Task prompt — Quote the data below in full, minus the images.

Recorded data —

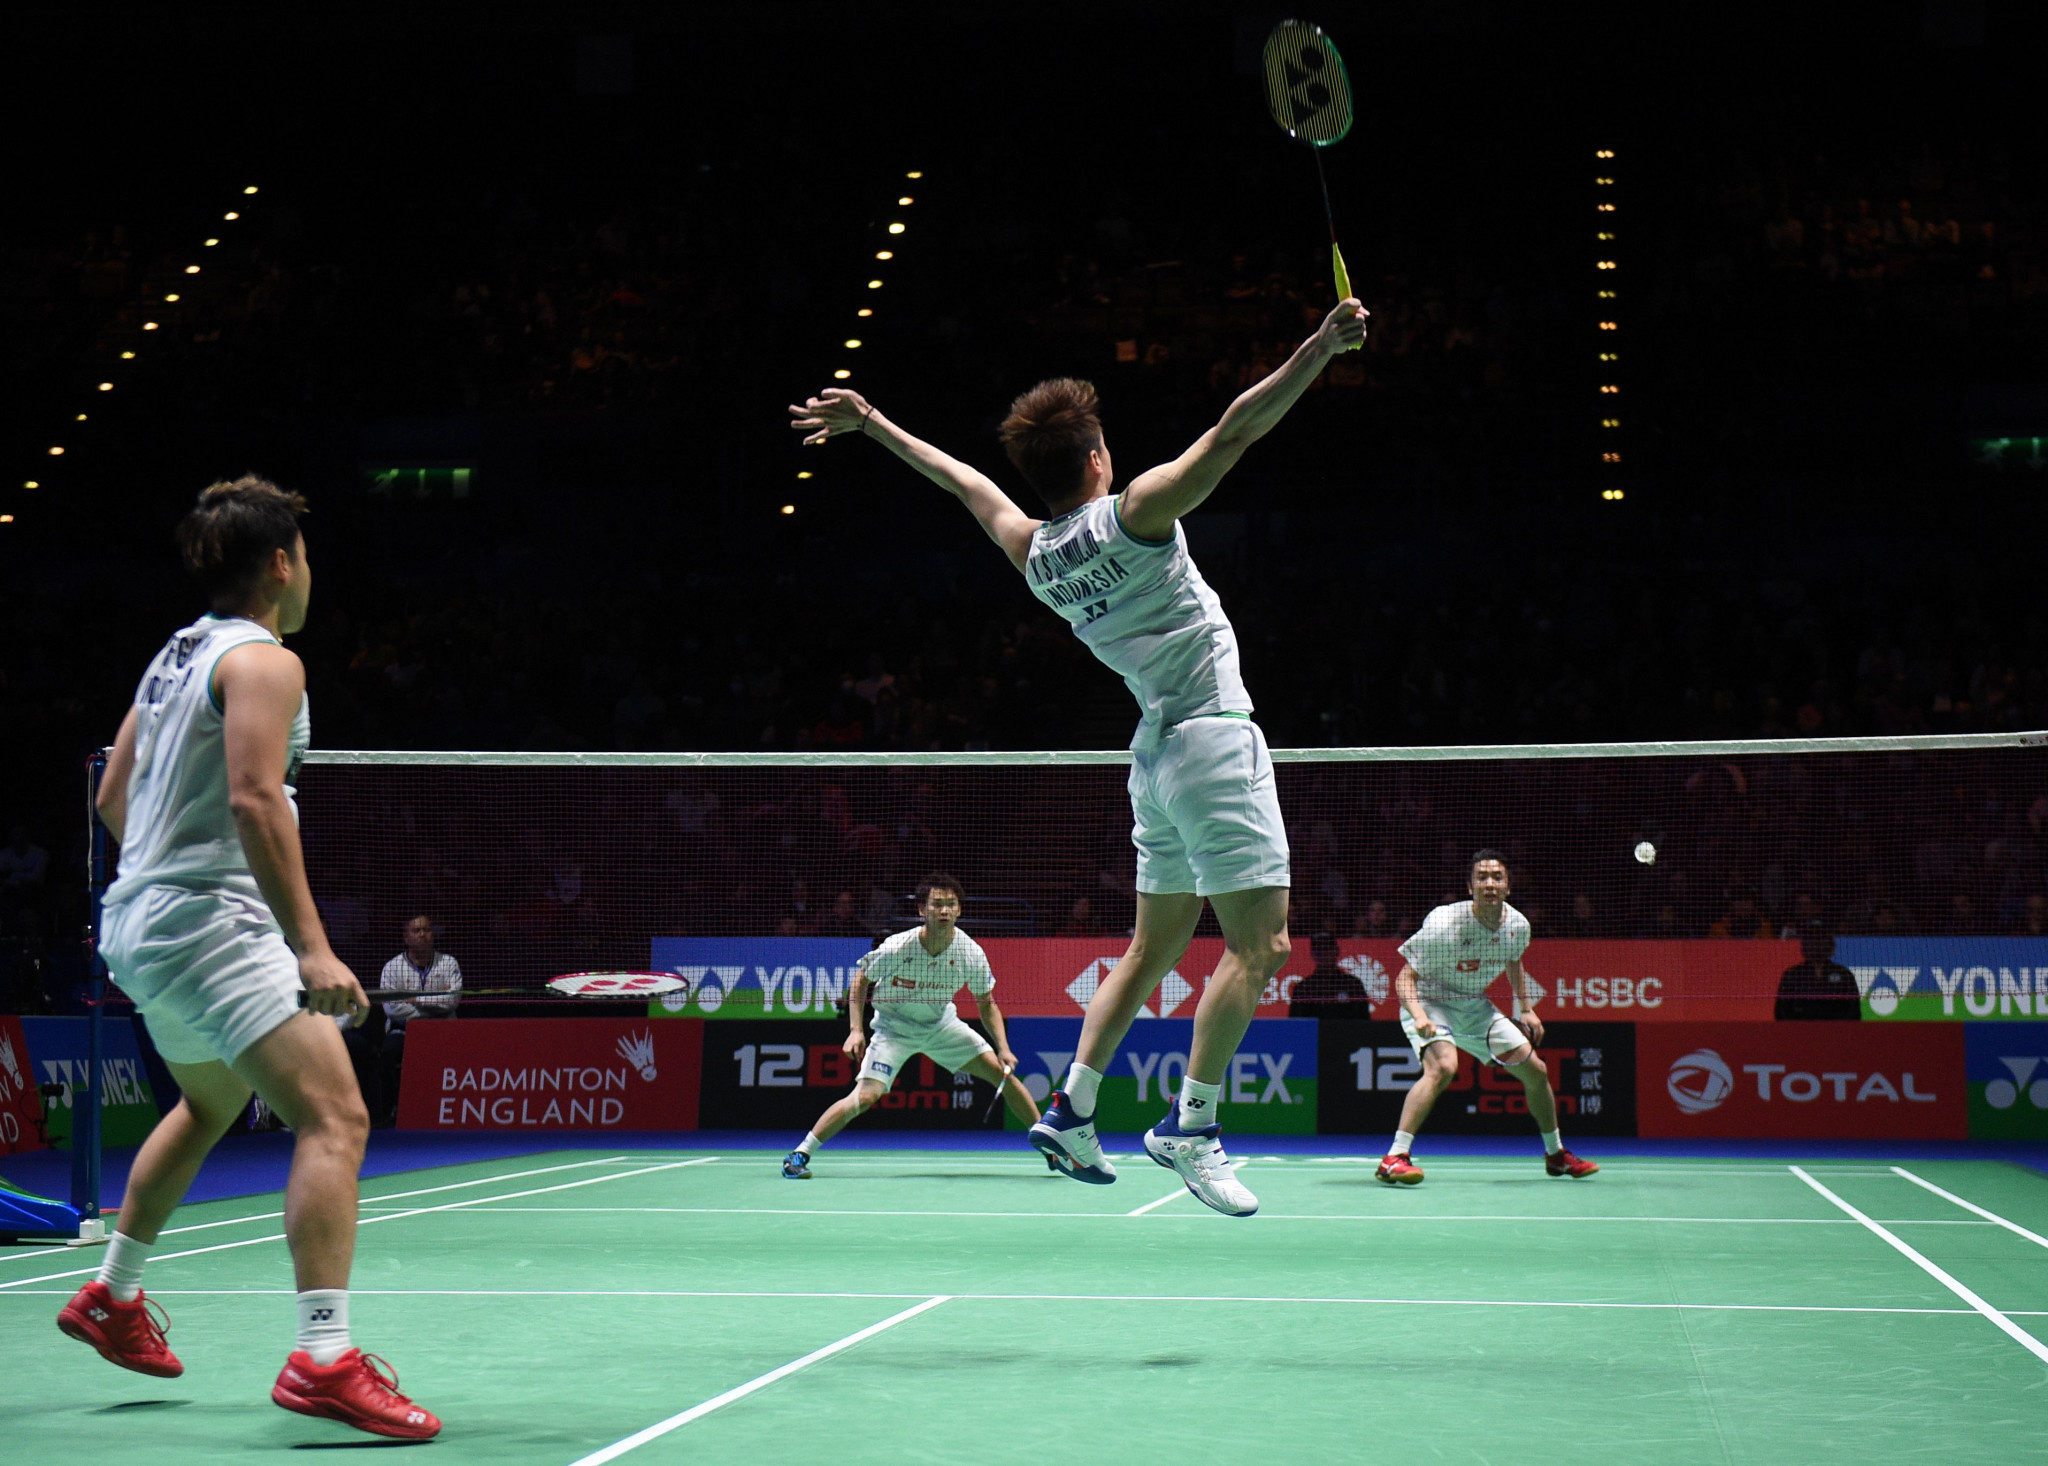 Numerous badminton events have been postponed due to the coronavirus pandemic ©Getty Images
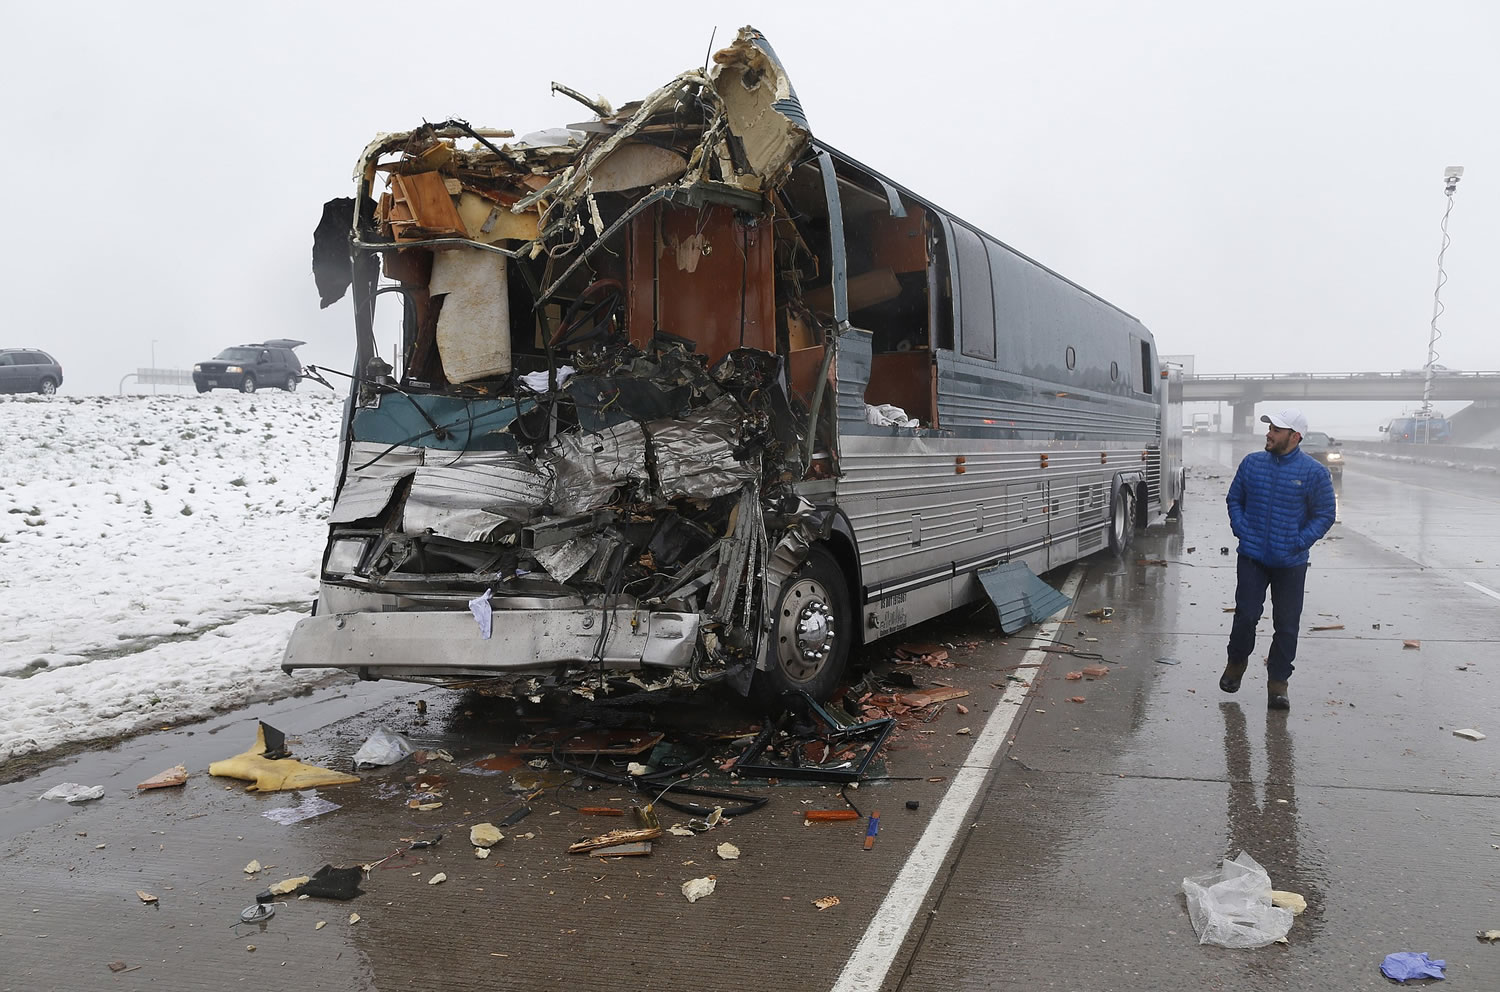 A television reporter looks over a tour bus involved in an accident with a tractor-trailer Friday in Aurora, Colo. Officials say 12 people were injured, two of them critically, in the four-vehicle wreck that shut down Interstate 70 for several hours during a spring storm packing heavy rains and fog.
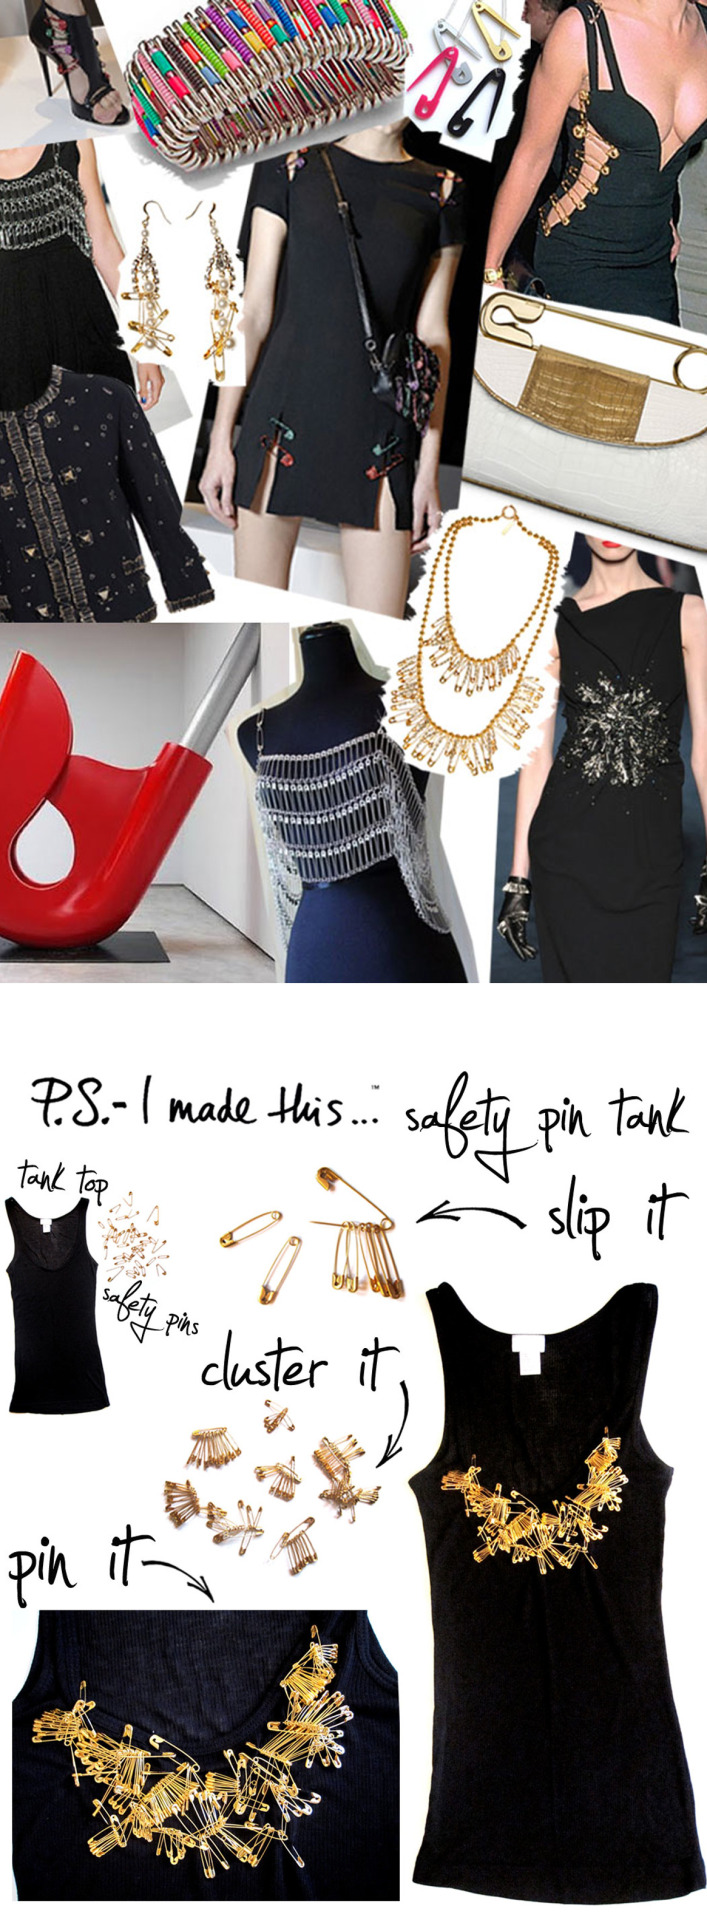 Pin on All Things Style

Output for this task —
 Numerous badminton events have been postponed due to the coronavirus pandemic ©Getty Images
 A television reporter looks over a tour bus involved in an accident with a tractor-trailer Friday in Aurora, Colo. Officials say 12 people were injured, two of them critically, in the four-vehicle wreck that shut down Interstate 70 for several hours during a spring storm packing heavy rains and fog.
 Pin on All Things Style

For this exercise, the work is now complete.